(Information provided begins)
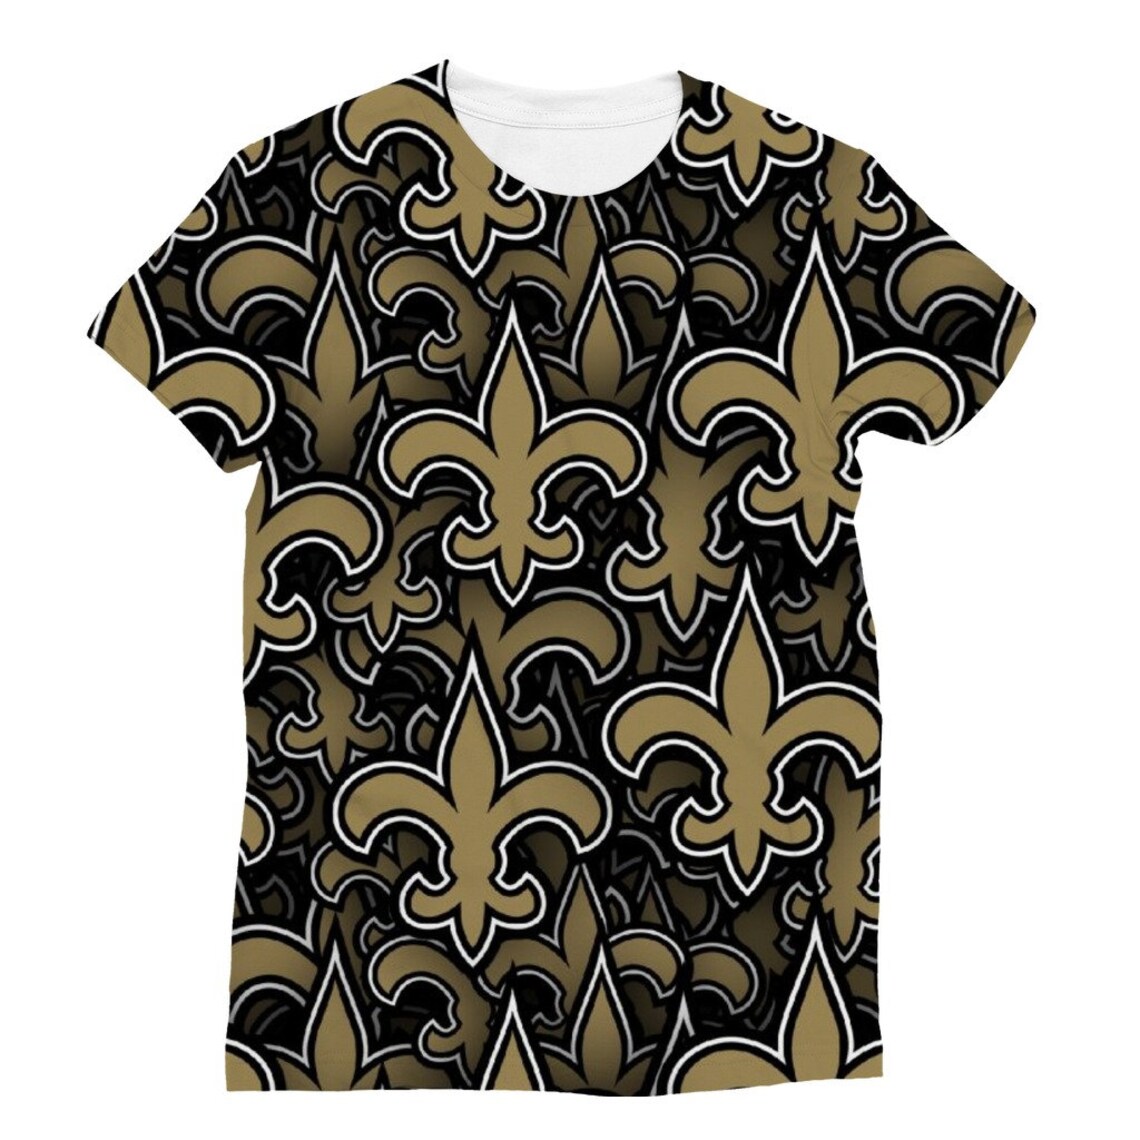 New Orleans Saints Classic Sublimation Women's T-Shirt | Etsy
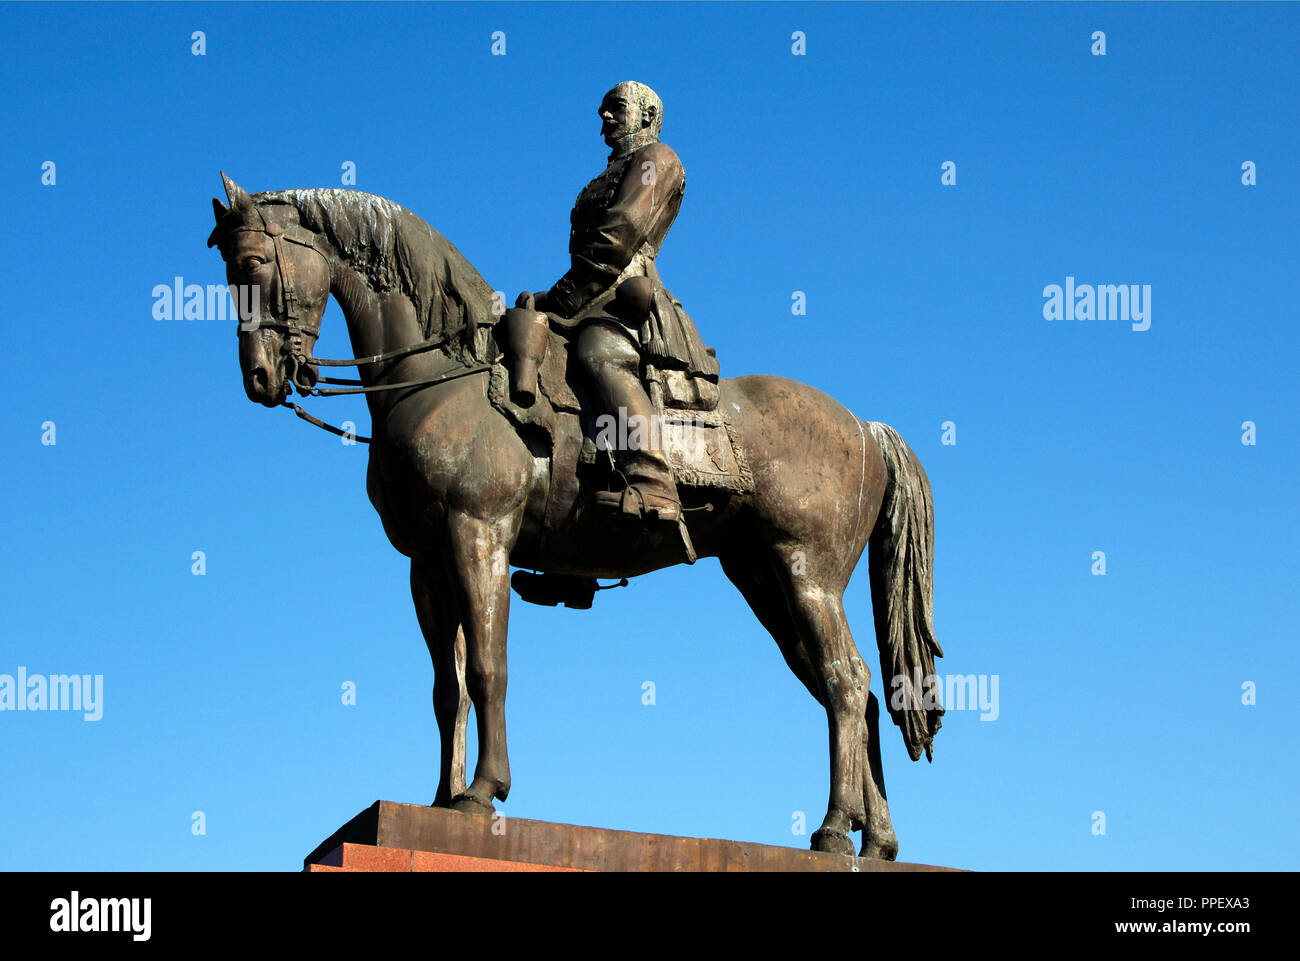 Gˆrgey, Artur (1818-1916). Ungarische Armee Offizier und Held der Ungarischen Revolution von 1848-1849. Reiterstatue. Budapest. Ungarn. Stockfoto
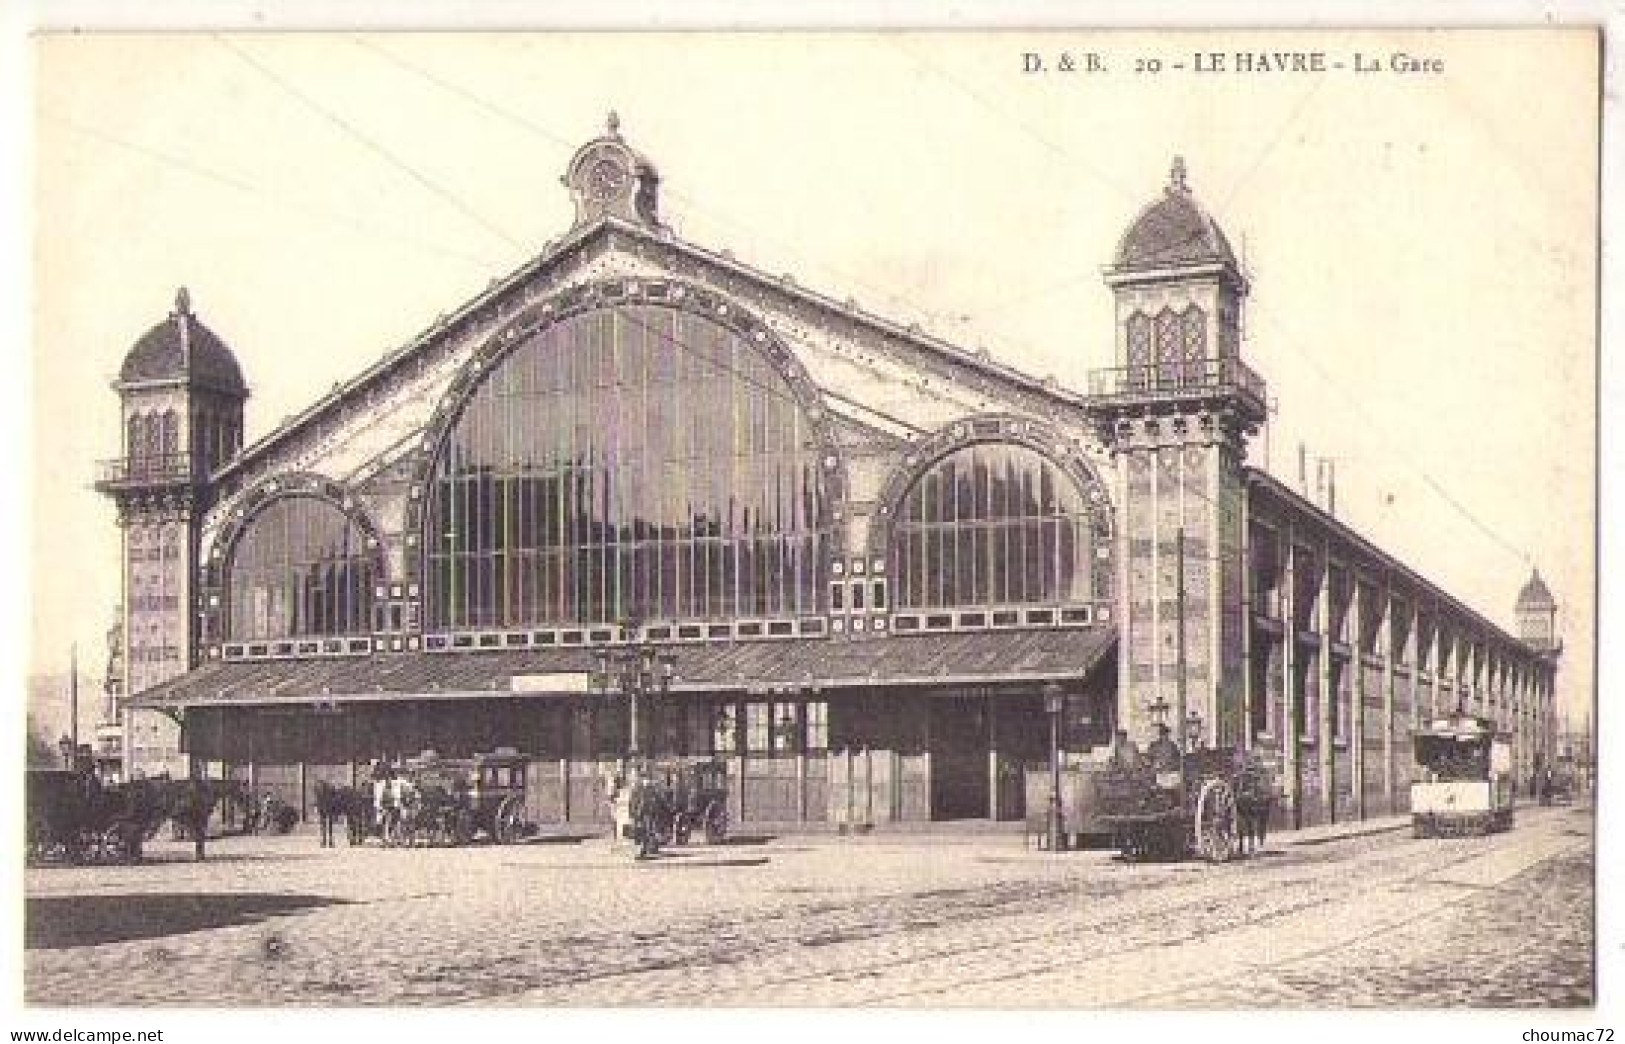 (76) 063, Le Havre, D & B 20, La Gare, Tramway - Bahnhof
(Information provided ends)
### Assigned task
Beginning at the line that contains "Gˆrgey, Artur (1818-1916).", retype each line of the data above through the very last one. Do not retype the pictures.

### The completed task
 Gˆrgey, Artur (1818-1916). Ungarische Armee Offizier und Held der Ungarischen Revolution von 1848-1849. Reiterstatue. Budapest. Ungarn. Stockfoto
 (76) 063, Le Havre, D & B 20, La Gare, Tramway - Bahnhof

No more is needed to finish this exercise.